● PROBLEM
The pictures in the data below are to be omitted; all else must be duplicated exactly.

● DATA SECTION
***

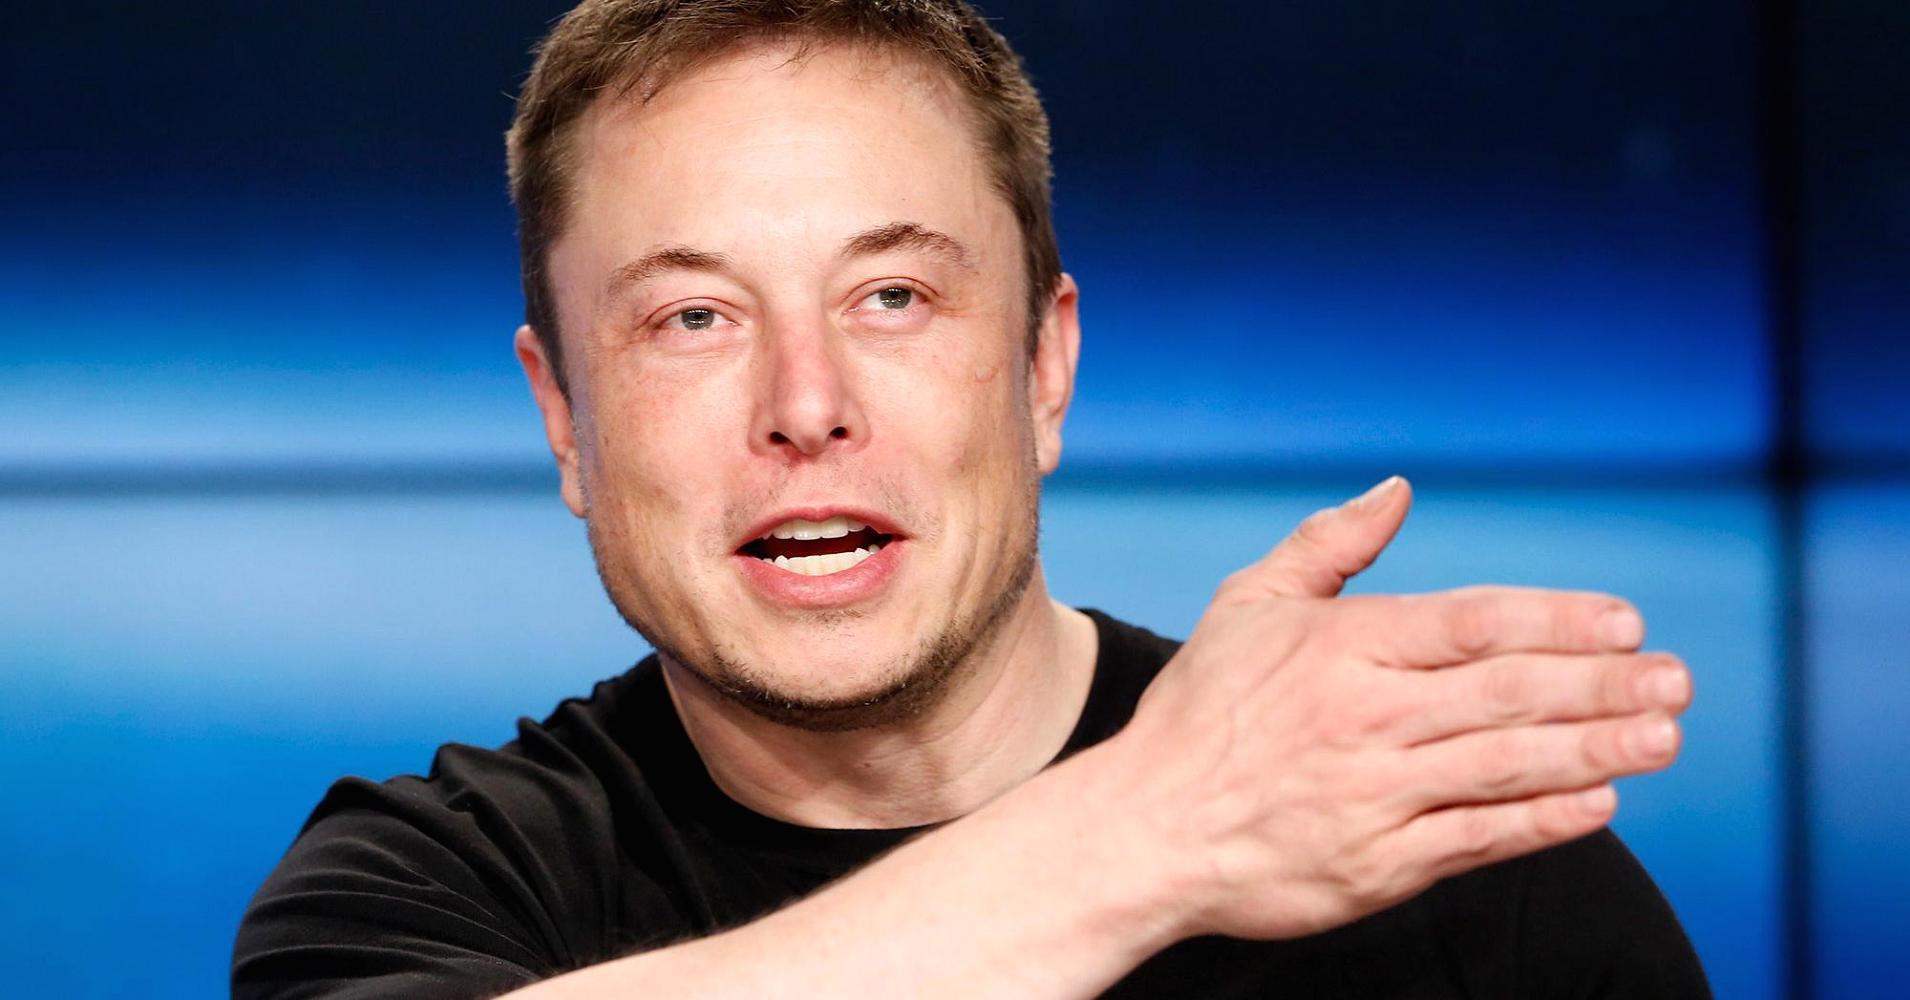 Elon Musk: Chủ nghĩa phát xít kiểm dịch trong nước bắt buộc. Cần phải hủy bỏ 1
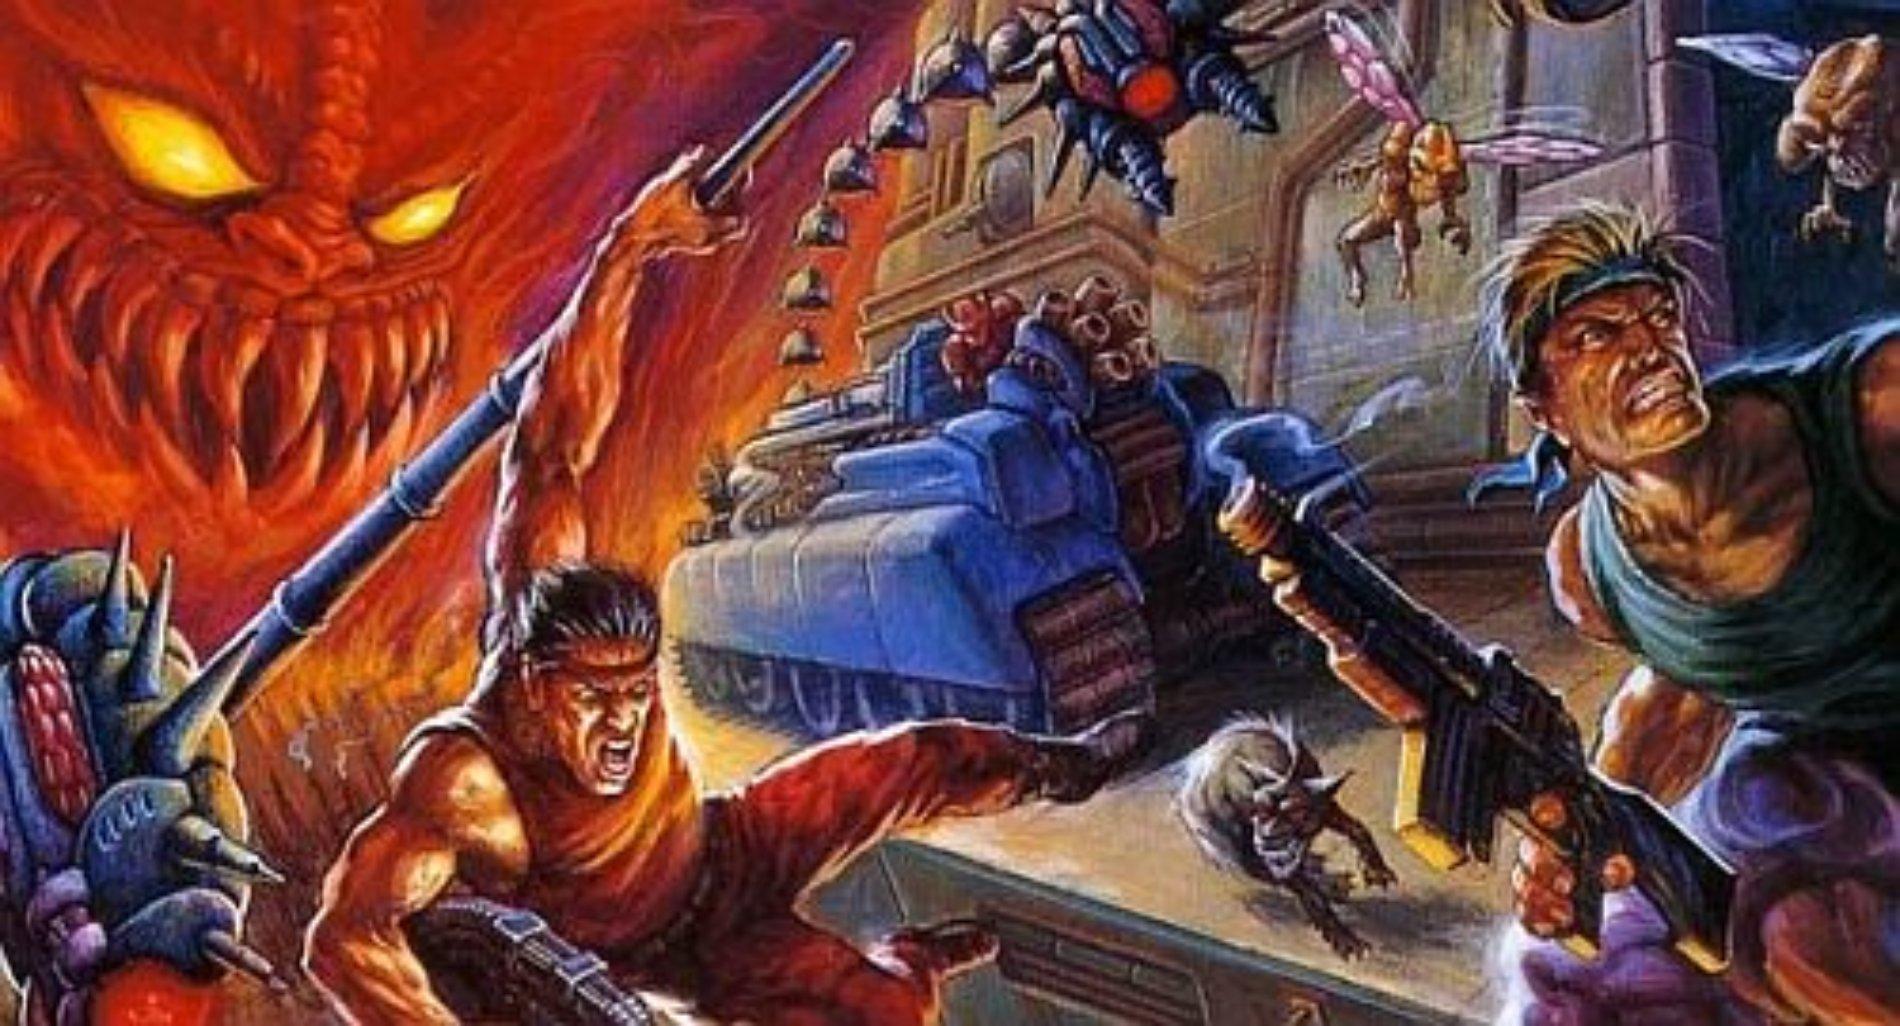 El clásico de Konami 'Contra' será adaptado a película y serie televisiva live-action
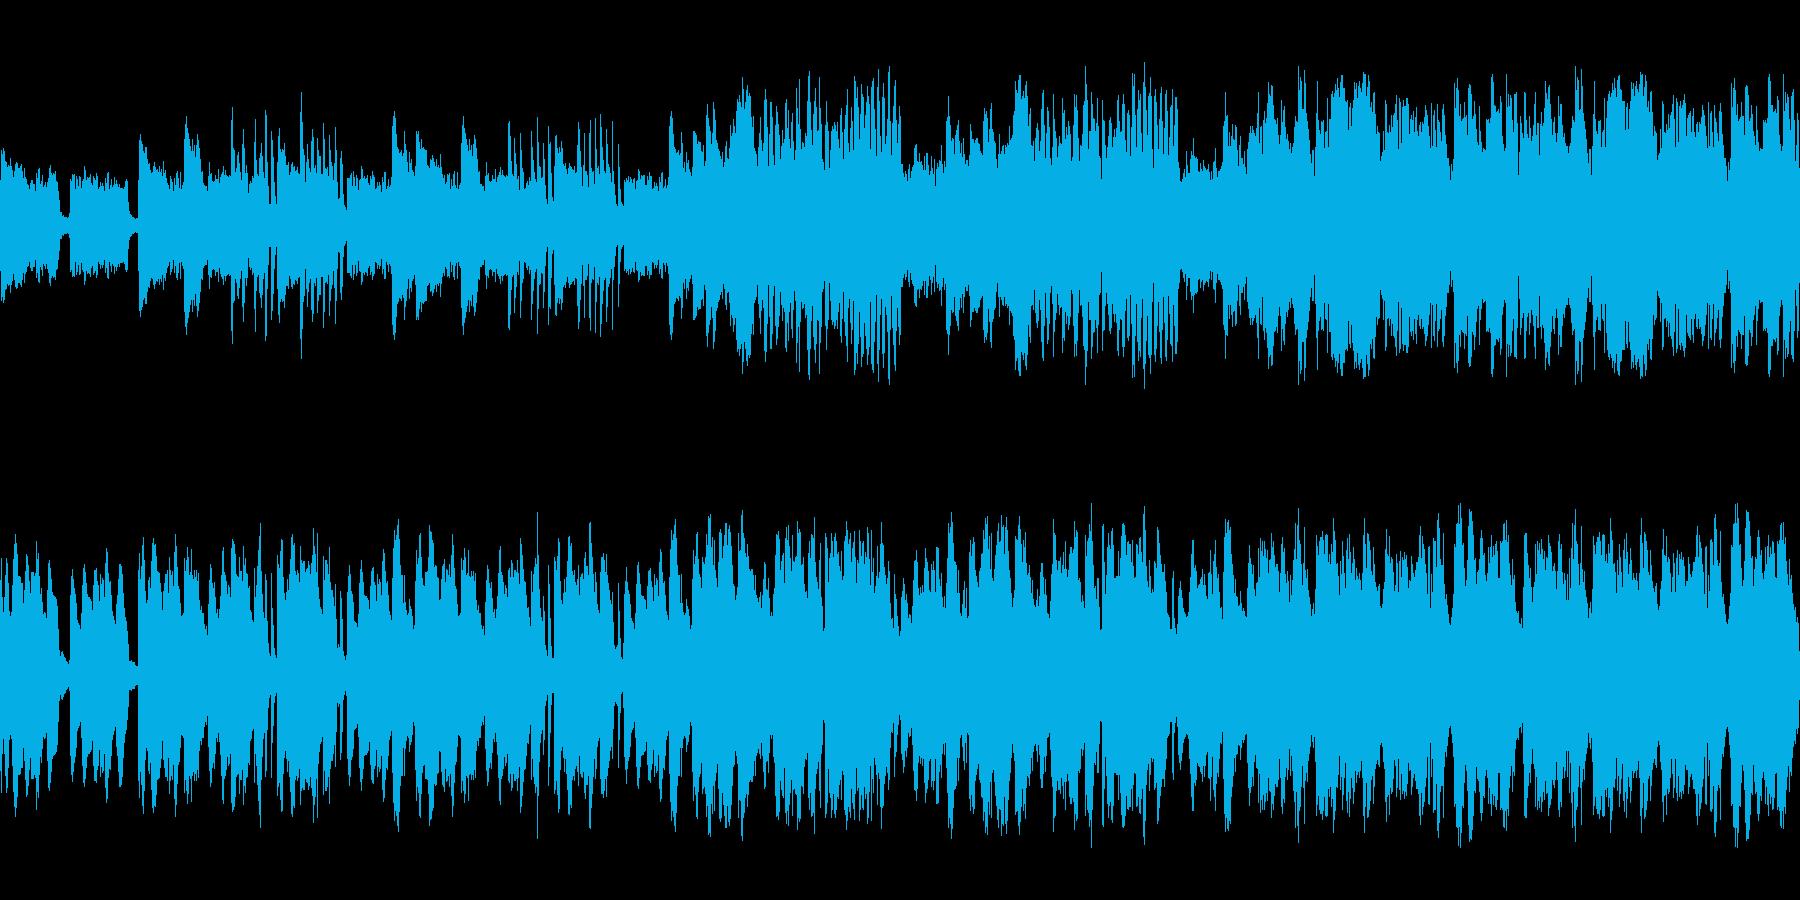 町 RPG風 ループ の再生済みの波形

***

● WRITTEN ANSWER
 Elon Musk: Chủ nghĩa phát xít kiểm dịch trong nước bắt buộc. Cần phải hủy bỏ 1
 El clásico de Konami 'Contra' será adaptado a película y serie televisiva live-action
 町 RPG風 ループ の再生済みの波形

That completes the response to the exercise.